The API I proposed works very well (IMHO) in supporting this second
theory of server use, but not as well with the first. Ben and Rob's
ideas probably work better with the first use, but not the second. We
need to work out how to make both work in Apache 2.0.

-- 
________________________________________________________________________
Alexei Kosut <ak...@nueva.pvt.k12.ca.us>      The Apache HTTP Server
URL: http://www.nueva.pvt.k12.ca.us/~akosut/   http://www.apache.org/

Re: Thoughts on a 2.0 API

Posted by Rob Hartill <ro...@imdb.com>.

Some responses, but I admit I've mostly hijaked Alexei's post to
throw in some of my own thoughts and ideas.

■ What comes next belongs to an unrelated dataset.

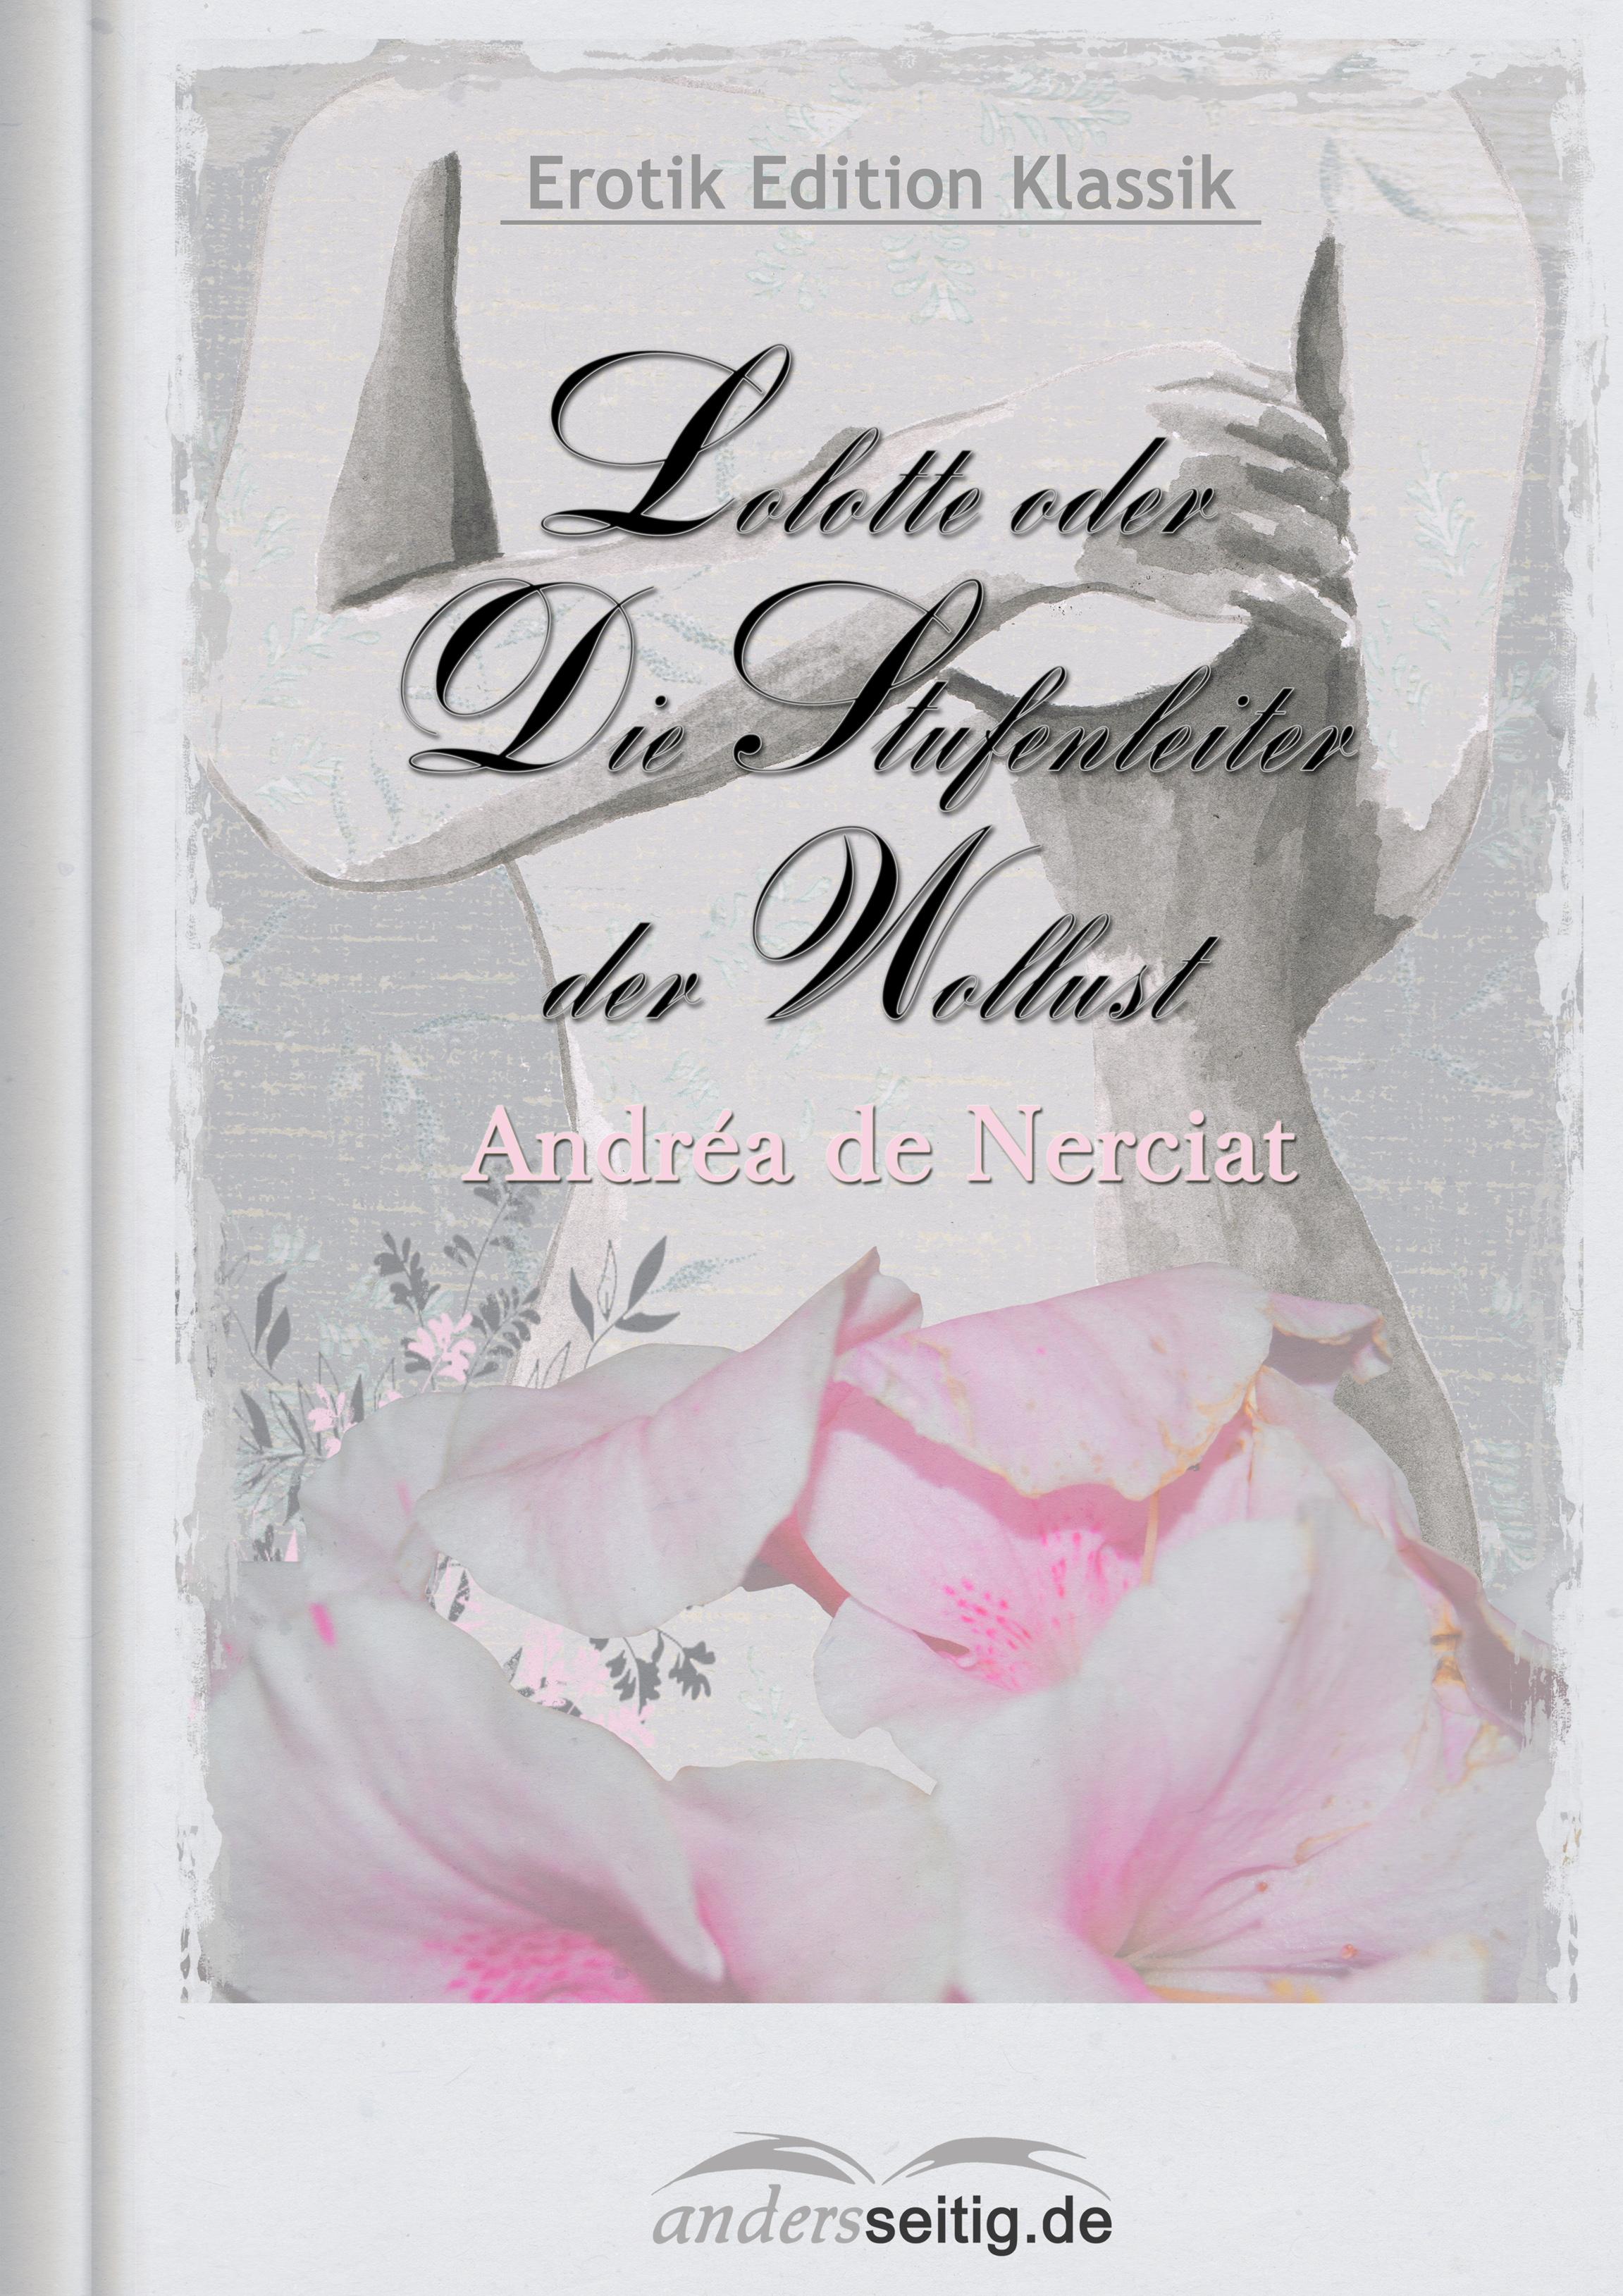 Andréa de Nerciat Lolotte oder Die Stufenleiter der Wollust недорого

On Mon, 9 Jun 1997, Alexei Kosut wrote:

> Here are some thoughts I've had on the design of an API for Apache
> 2.0. Please feel free to ignore it.

> In earlier discussions, assuming we keep a similar request model in
> 2.0 (which I think is likely), we've discussed having at least the
> following phases:
> 
> 1. "connection open" phase
> 2. begin request phase
> 3. URL->URL translation
> 4. URL->filename translation
> 5. filename->filename translation
> 6. header parse phase

It might be confusing terminology, but I think 'header parsing'
belongs before 3.

I think we need to collect as much information about the request
as early as possible so that any translations that take place can use
that information. e.g. if a header specifies a preference for Greek
over English language then the URL->->->filename translation phase should
be able to act on that.

> 7. access check
> 8. user id check
> 9. auth check
> 10. type check
> 11. fixup phase
> 12. handler phase
> 13. . pre-header phase
> 14. . post-header (pre-body) phase
> 15. end request phase
> 16. logging phase
> 17. end connection phase
> 18. "connection closed" phase
> 
> And I may be missing some we've discussed.

Those should be considered some of the basics. I'd also like to be
able to squeeze any handler I come up with in between any of these
listed above, e.g. I might want to add a handler near phase 2 that
just aborts the connection if the incoming IP is a nuisance site.

> The point is, there are
> (will be) twice as many request phases in 2.0 as in 1.x. We've also
> had problems with the nature of the current model. Currently, most
> phases are run always, with the exception of the handler phase, which
> is keyed off of handler/media type.

Assuming we end up with a form of stacked handlers, I think it'd
be useful to allow any handler to switch off other handlers that follow
it for any particular request. To do that a way is needed for handlers
to uniquely identify themselves.

> What is the solution? How about making the API dynamic? A module_rec
> might just have an initializer phase (or two - we've discussed
> "run-on-fork" initializers as well as the "run-on-start" we have now),
> and a command table (or something). The initialization function would
> call things like:
> 
>    add_request_phase(&handler_func, HANDLER_PHASE, "text/html", M_GET|M_POST);
>    add_request_phase(&type_func, CHECK_TYPE_PHASE, NULL, M_ANY);
> 
> These might also be called from command functions (i.e., putting in
> the first "AddType" command would cause mod_mime to add a check_type
> phase).

mod_perl does something similar. You can push a list of functions (handlers)
into any of the current phases. What I've noticed about the way I (ab)use
that system is that categorising the phases breaks down into a free for
all when you decide at exactly which point you want the function called.
... you end up thinking to hell with what the phase is called and
supposed to do, I want my handler *there*.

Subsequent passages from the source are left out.